Après la remise des prix, le moment le plus émouvant de la soirée a été réservé à Serrat, « une personne qui se sent aimée et respectée, qui aime son métier : chanter et écrire des chansons ». Son écriture « vient de l’observation, de l’application des sens », affirme-t-il avant de se définir comme un « partisan du vivant », à l’image de sa délicieuse chanson « Chaque imbécile avec son thème »dont il a récupéré quelques vers, suggère : « Je préfère les routes aux frontières, la raison à la force, l’instinct à la civilité. »
Il a toutefois regretté de vivre dans « un monde hostile, contaminé et peu solidaire, où les valeurs démocratiques et morales ont été remplacées par l’avidité du marché, où tout a un prix ». Pour cette raison ne se contente pas de « voir des rêves échoués sur l’autre rive du fleuve ». Au contraire, elle s’est manifestée dans une position ferme de tolérance. « Je crois au respect des droits d’autrui et au dialogue comme seul moyen de résoudre les problèmes de manière équitable. Je crois en la liberté, la justice et la démocratie. Des valeurs qui vont de pair ou non. »

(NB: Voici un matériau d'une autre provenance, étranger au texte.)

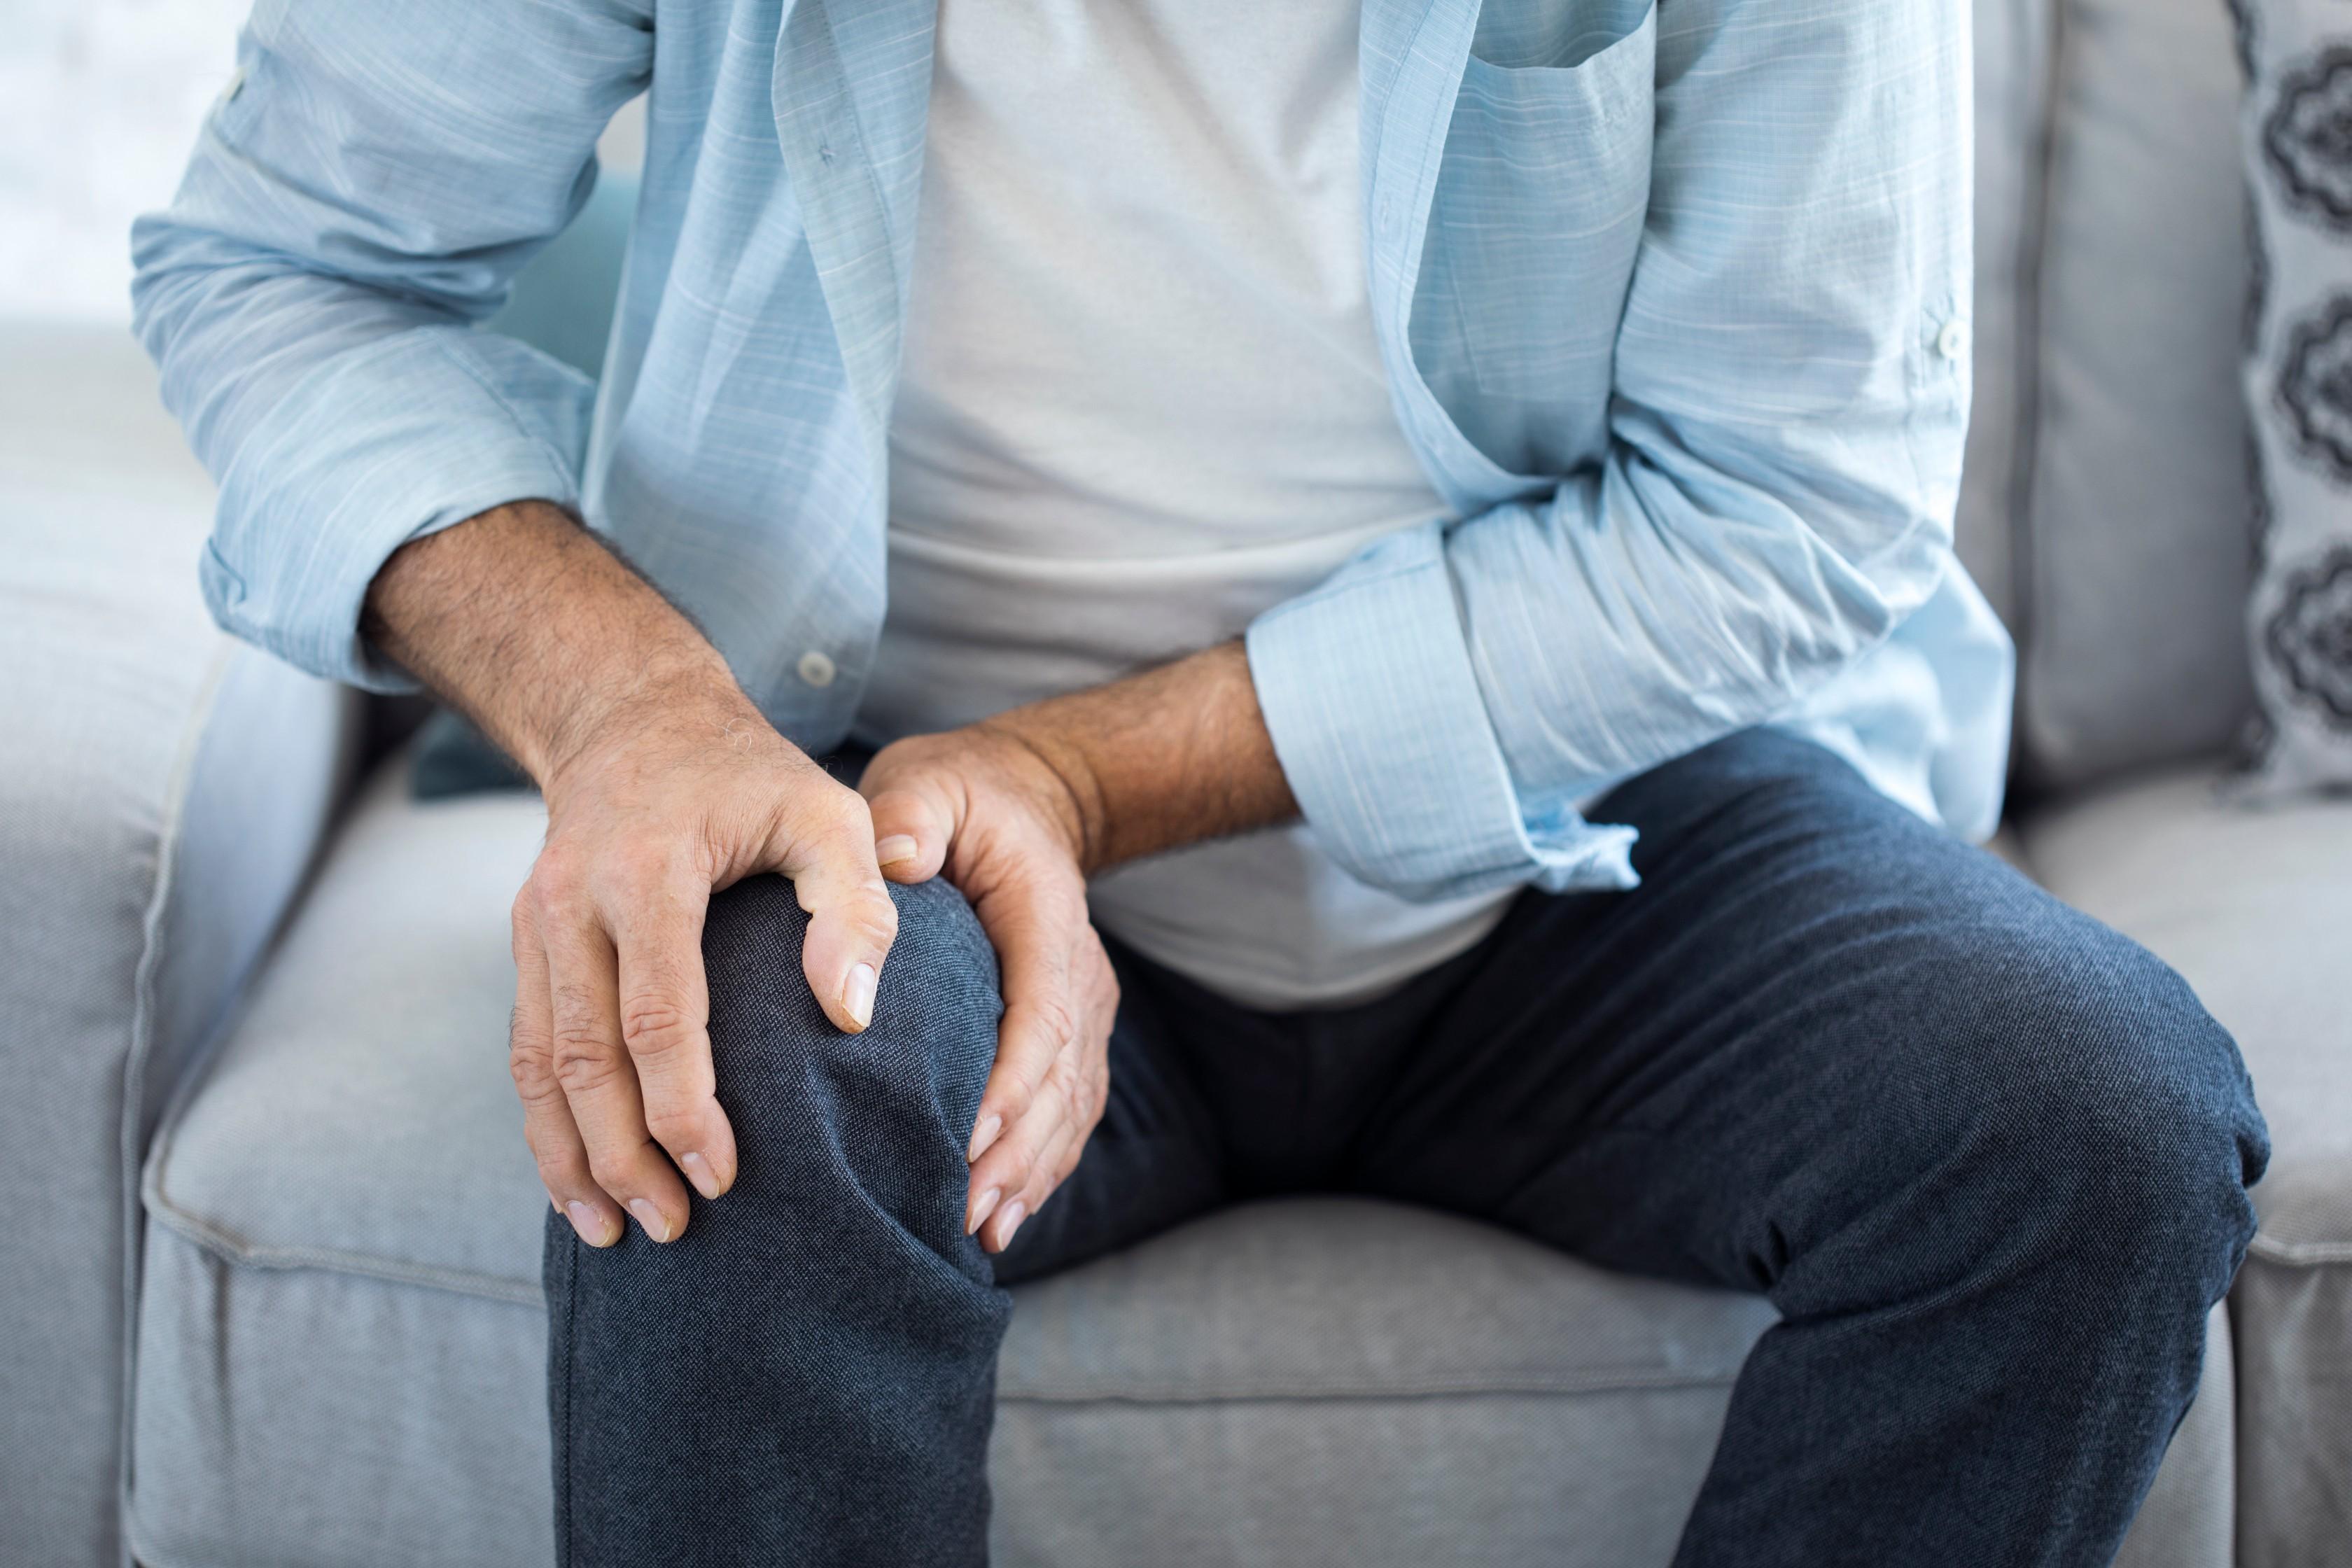 súlyos ízületi fájdalom, különösen a kezekben csípőízületi fájdalom a férjnél

L’auteur de Pénélope entend « laissez de bons souvenirs aux autres lorsque vous disparaissez ». « Un homme bon, juste et reconnaissant », a-t-il déclamé lentement, avec cette délicatesse exclusive qui a fait pleurer Ana Belén, présente à la cérémonie avec son mari, Víctor Manuel. Nous avons également senti l’émotion sur le visage de Eléonore, la princesseet nous avons vu Satrapi fermer les yeux en souriant, et nous avons vu Ignatieff hocher la tête, qui n’aura plus beaucoup d’occasions d’apprécier d’aussi près l’auteur-compositeur espagnol le plus important de notre époque.

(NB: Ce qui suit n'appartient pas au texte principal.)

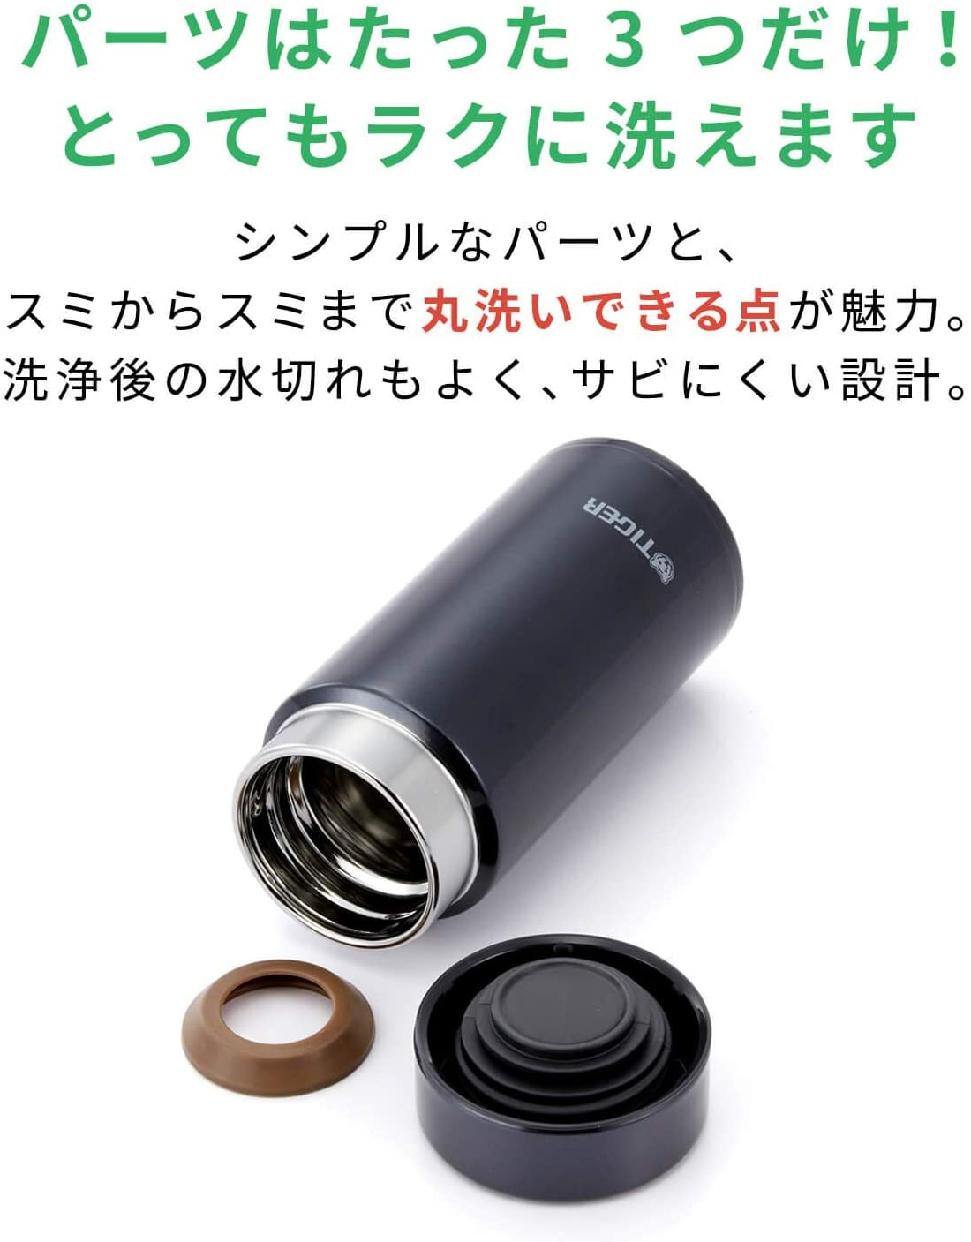 タイガー魔法瓶(たいがーまほうびん)ステンレスミニボトル MMP-J020の商品画像6

Il manquait cependant la belle allusion à sa femme. Et la surprise de chanter en live, avec le violon, l’irrésistible « Ces petites choses ». Le Campoamor, clameur d’admiration et de respect, fut une fois de plus le théâtre d’un moment inoubliable, qui restera au niveau – sans échapper à la catégorie des Arts – du récital de Nuria Espert ou l’anecdote Lorca de Léonard Cohen.